# Nightly backups enabled at BuyVM Las Vegas!



## Francisco (Feb 3, 2014)

Hello everyone!

I'm excited to announce that nightly backups have been enabled in Las Vegas on all 256MB (and larger) OpenVZ plans!

For now, we'll be keeping 7 days of rolling backups but will likely increase this to 14 days.

Snapshots will be enabled later this week once said sync is in place.

I'll be configuring things for NJ today/tomorrow.

Thank you everyone!


----------



## k0nsl (Feb 3, 2014)

Very good — and thanks to you and BuyVM!


----------



## MannDude (Feb 4, 2014)

For free?


----------



## Francisco (Feb 4, 2014)

MannDude said:


> For free?


It's free on all plans with 256MB or more RAM.

For now it's just OpenVZ until I can put together a better way of taking snapshots on KVM's.

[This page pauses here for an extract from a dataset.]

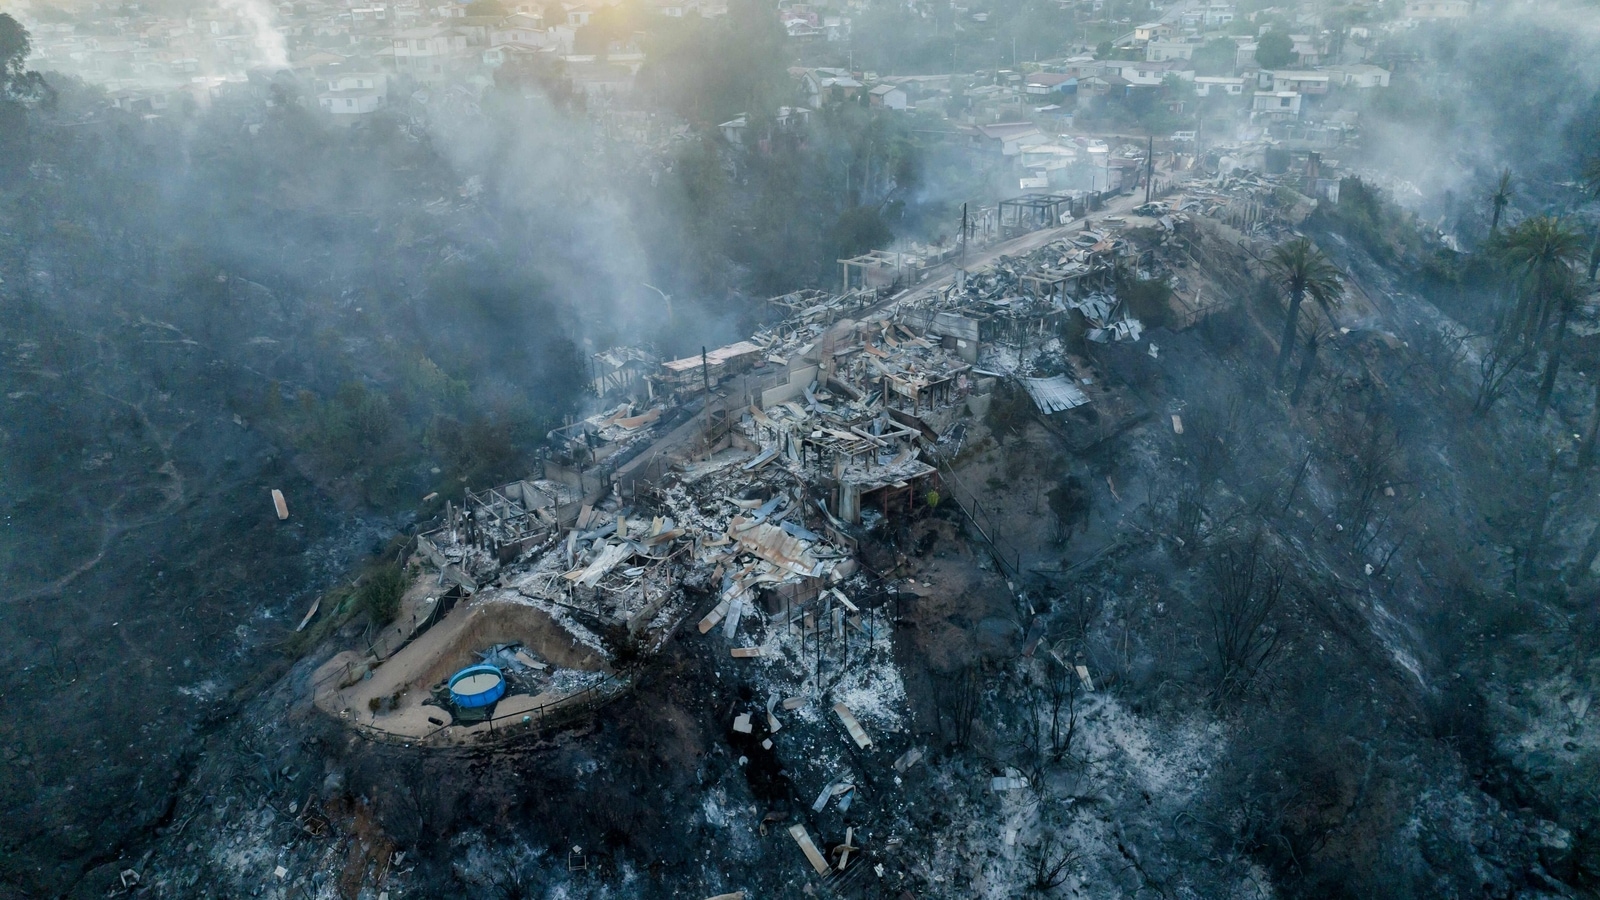 En Fotos |  400 casas destruidas en un incendio forestal en una ciudad chilena

A few users have been asking to see screenshots of how things work so, here ya' go!

It's very simple looking since users don't have to 'buy in' for more features. Everything is either

enabled, or not at all.



Francisco


----------



## Ruchirablog (Feb 4, 2014)

Why does it have to power off the VPS to take a snapshot?


----------



## Francisco (Feb 4, 2014)

Ruchirablog said:


> Why does it have to power off the VPS to take a snapshot?

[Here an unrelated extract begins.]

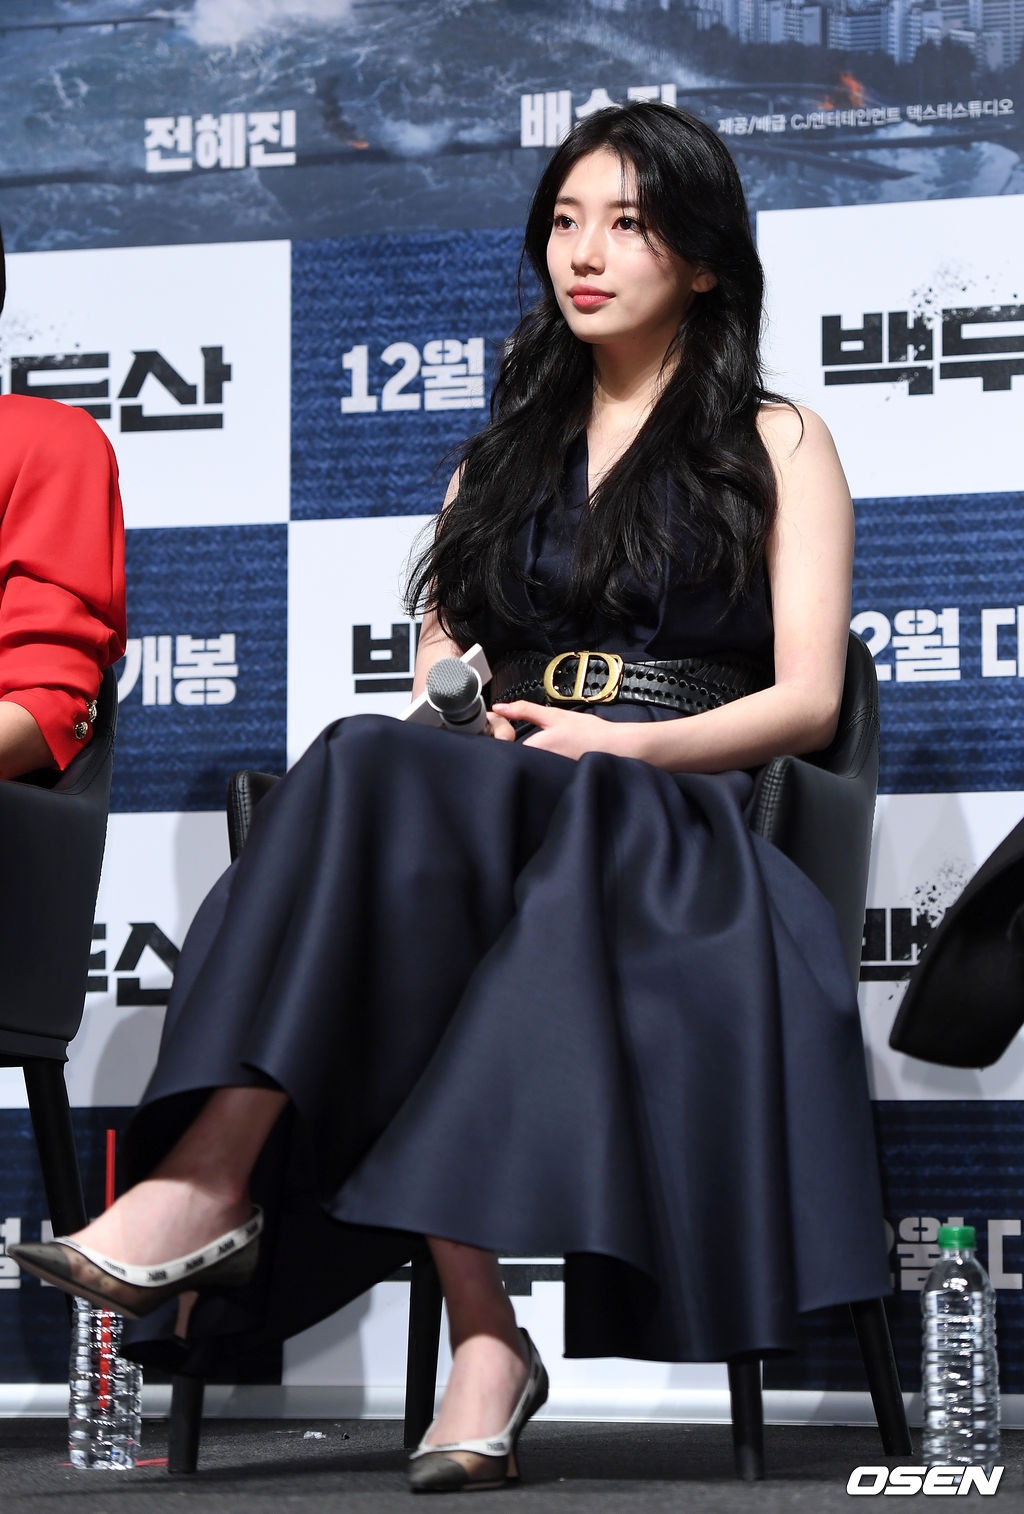 Suzy khoe nhan sắc bên Lee Byung Hun, Ha Jung Woo trong họp báo movie

So the snapshot is complete and not changed mid way? 

Francisco


----------



## Ruchirablog (Feb 4, 2014)

Francisco said:


> So the snapshot is complete and not changed mid way?
> 
> 
> Francisco


yeah but is that really a problem? Don't know about others but Linode lets to take snapshots without shutting down


----------



## Francisco (Feb 4, 2014)

Ruchirablog said:


> yeah but is that really a problem? Don't know about others but Linode lets to take snapshots without shutting down


They might be using an LVM snapshot so it's kinda cheating 

For KVM we'll probably do something similar so KVM snapshots won't require a power down.

OVZ's are a flat filesystem so we don't get to use that kind of magic easily 

Francisco


----------



## k0nsl (Feb 4, 2014)

He he, I'm glad I got KVM with you, then


----------



## MannDude (Feb 4, 2014)

Heck yeah, this is pretty neat. I've gone one OpenVZ with you and a couple KVMs so I look forward to this being implemented fully.

Keep up the good work.


----------



## bauhaus (Feb 5, 2014)

Ruchirablog said:


> yeah but is that really a problem? Don't know about others but Linode lets to take snapshots without shutting down


As Francisco says, Linode might be using LVM snapshots. As for DO 'the true cloud hosting ' you need to shutdown your vps to take an snapshot.



Francisco said:


> They might be using an LVM snapshot so it's kinda cheating
> 
> 
> For KVM we'll probably do something similar so KVM snapshots won't require a power down.
> ...


Looking forward to see the BuyVM kmv snapshot solution.


----------



## Francisco (Feb 5, 2014)

bauhaus said:


> As Francisco says, Linode might be using LVM snapshots. As for DO 'the true cloud hosting ' you need to shutdown your vps to take an snapshot.
> 
> Looking forward to see the BuyVM kmv snapshot solution.


We'll see  Technically what I have in mind should mean 'instant' snapshots w/o the need to power off. The problem with that is things aren't in a 'quiet' state. You could very well end up with crashed SQL tables because they weren't closed properly.

Francisco


----------



## bauhaus (Feb 5, 2014)

Francisco said:


> We'll see  Technically what I have in mind should mean 'instant' snapshots w/o the need to power off. The problem with that is things aren't in a 'quiet' state. You could very well end up with crashed SQL tables because they weren't closed properly.
> 
> 
> Francisco


Indeed. Very easy to say, difficult to implement correctly and successfully. I'm no expert, but it is possible. As you say, what you need to consider is that the DB is temporarily locked to create a backup of it. 

 

The difficult part is how to do it from outside a container. So you know, share the tips


----------



## Francisco (Feb 5, 2014)

bauhaus said:


> Indeed. Very easy to say, difficult to implement correctly and successfully. I'm no expert, but it is possible. As you say, what you need to consider is that the DB is temporarily locked to create a backup of it.
> 
> The difficult part is how to do it from outside a container. So you know, share the tips


Pfft 

If it works, i'll be a genius. If it fails, it'll just be another Fran experiment 

Francisco


----------



## bauhaus (Feb 5, 2014)

I just laughed so hard. My bet is on you @Francisco, don't give up


----------



## CraigA (Feb 17, 2014)

"wow. such backup. many describe."

+1


----------